Literature DB >> 24801167

Med1 subunit of the mediator complex in nuclear receptor-regulated energy metabolism, liver regeneration, and hepatocarcinogenesis.

Yuzhi Jia1, Navin Viswakarma, Janardan K Reddy.   

Abstract

Several nuclear receptors regulate diverse metabolic functions that impact on critical biological processes, such as development, differentiation, cellular regeneration, and neoplastic conversion. In the liver, some members of the nuclear receptor family, such as peroxisome proliferator-activated receptors (PPARs), constitutive androstane receptor (CAR), farnesoid X receptor (FXR), liver X receptor (LXR), pregnane X receptor (PXR), glucocorticoid receptor (GR), and others, regulate energy homeostasis, the formation and excretion of bile acids, and detoxification of xenobiotics. Excess energy burning resulting from increases in fatty acid oxidation systems in liver generates reactive oxygen species, and the resulting oxidative damage influences liver regeneration and liver tumor development. These nuclear receptors are important sensors of exogenous activators as well as receptor-specific endogenous ligands. In this regard, gene knockout mouse models revealed that some lipid-metabolizing enzymes generate PPARα-activating ligands, while others such as ACOX1 (fatty acyl-CoA oxidase1) inactivate these endogenous PPARα activators.
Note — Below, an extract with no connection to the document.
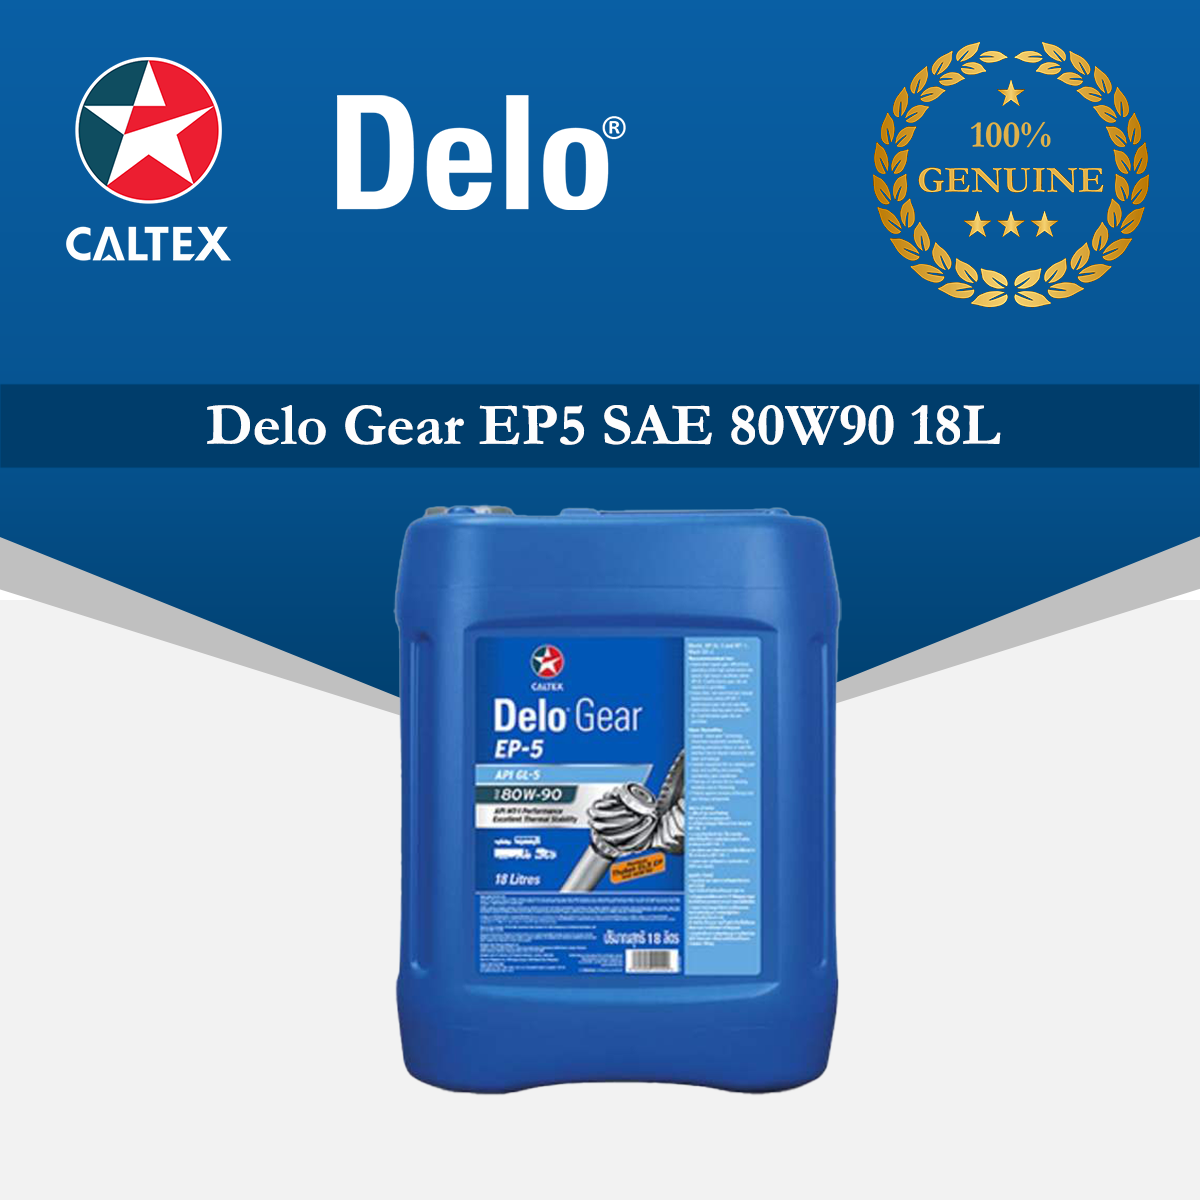 CALTEX Delo Gear Oil EP5 SAE 80W90 (18 Liter)
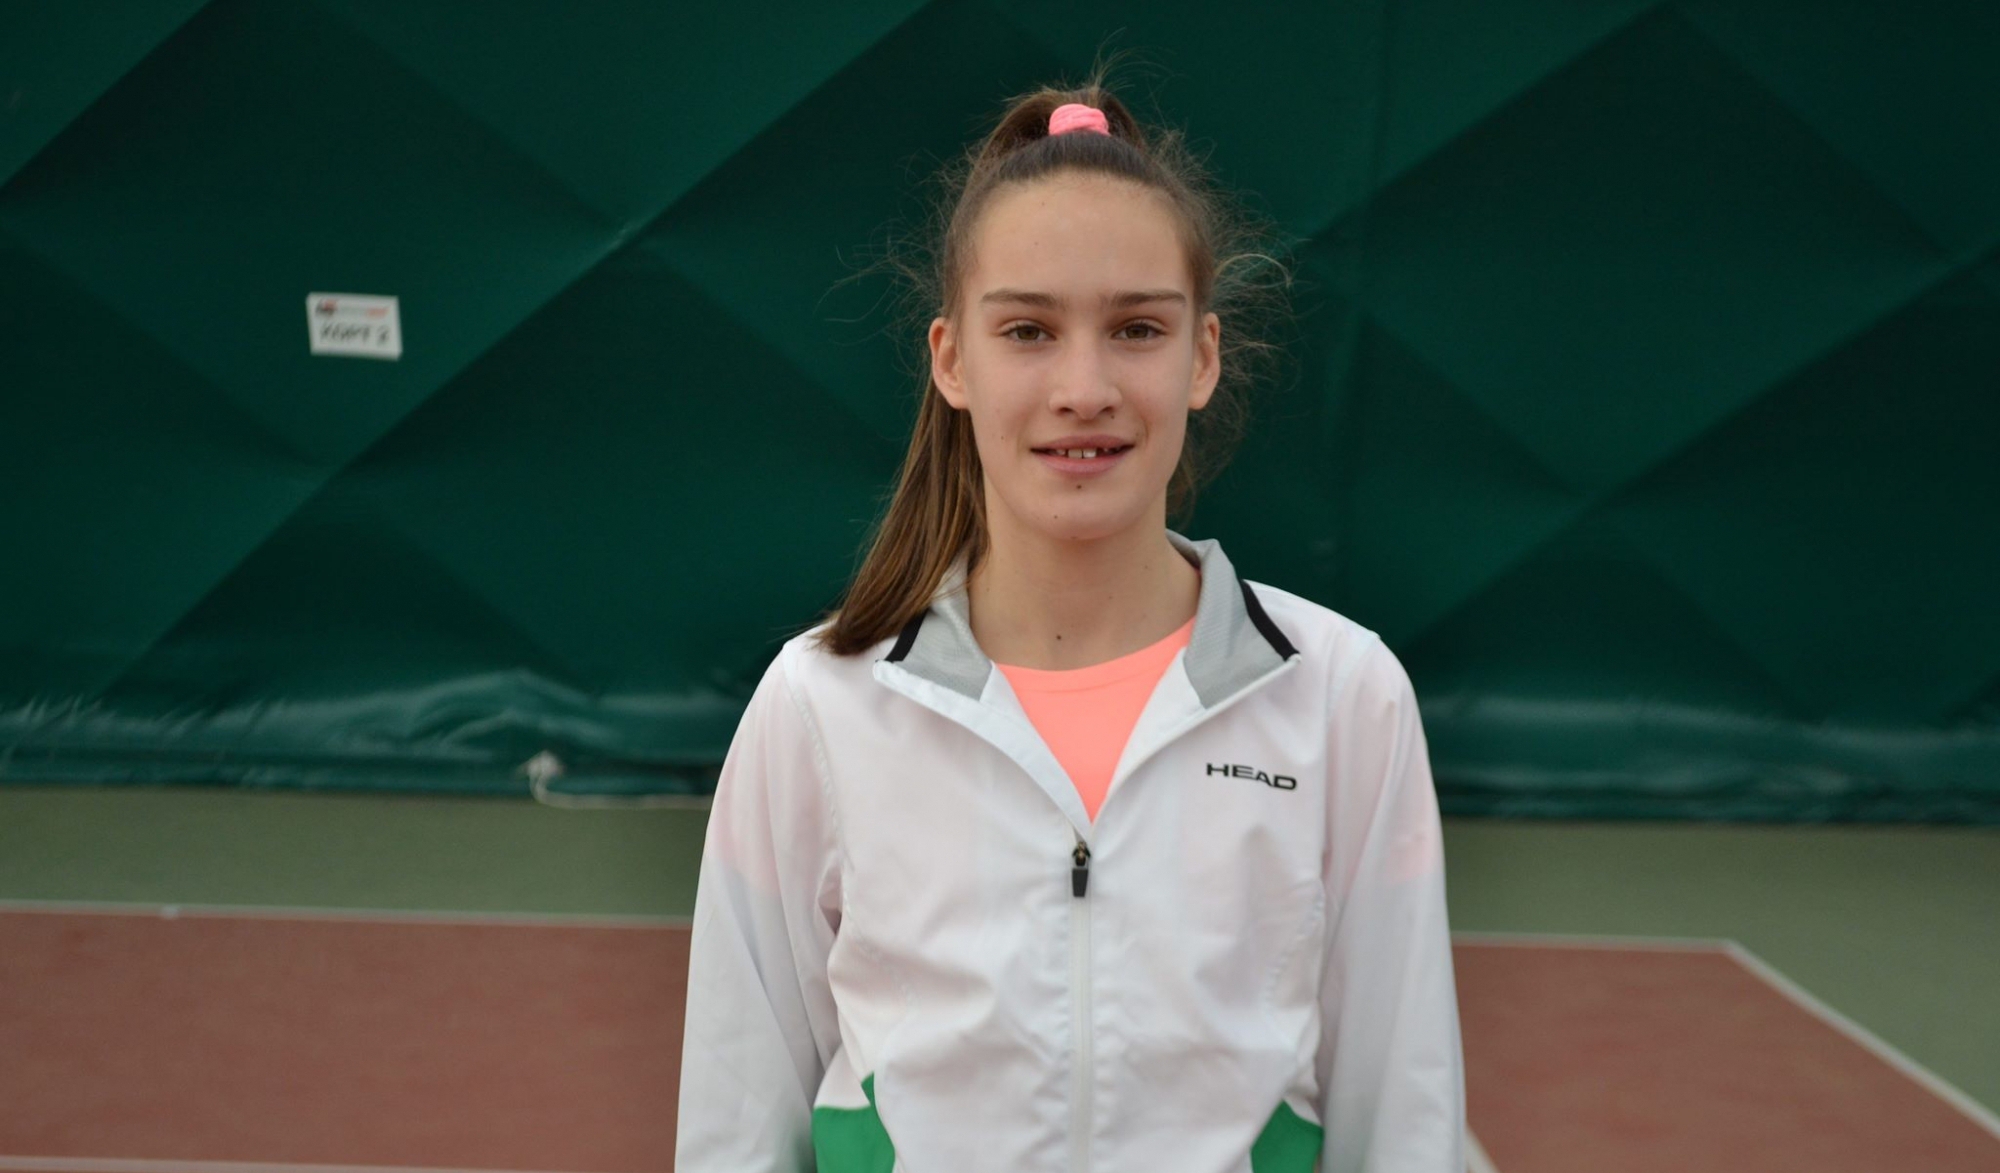 Българска победа в Мелбърн: 18-годишната Глушкова с паметен дебют при девойките

In the absence of ACOX1, the unmetabolized ACOX1 substrates cause sustained activation of PPARα, and the resulting increase in energy burning leads to hepatocarcinogenesis. Ligand-activated nuclear receptors recruit the multisubunit Mediator complex for RNA polymerase II-dependent gene transcription. Evidence indicates that the Med1 subunit of the Mediator is essential for PPARα, PPARγ, CAR, and GR signaling in liver. Med1 null hepatocytes fail to respond to PPARα activators in that these cells do not show induction of peroxisome proliferation and increases in fatty acid oxidation enzymes. Med1-deficient hepatocytes show no increase in cell proliferation and do not give rise to liver tumors. Identification of nuclear receptor-specific coactivators and Mediator subunits should further our understanding of the complexities of metabolic diseases associated with increased energy combustion in liver.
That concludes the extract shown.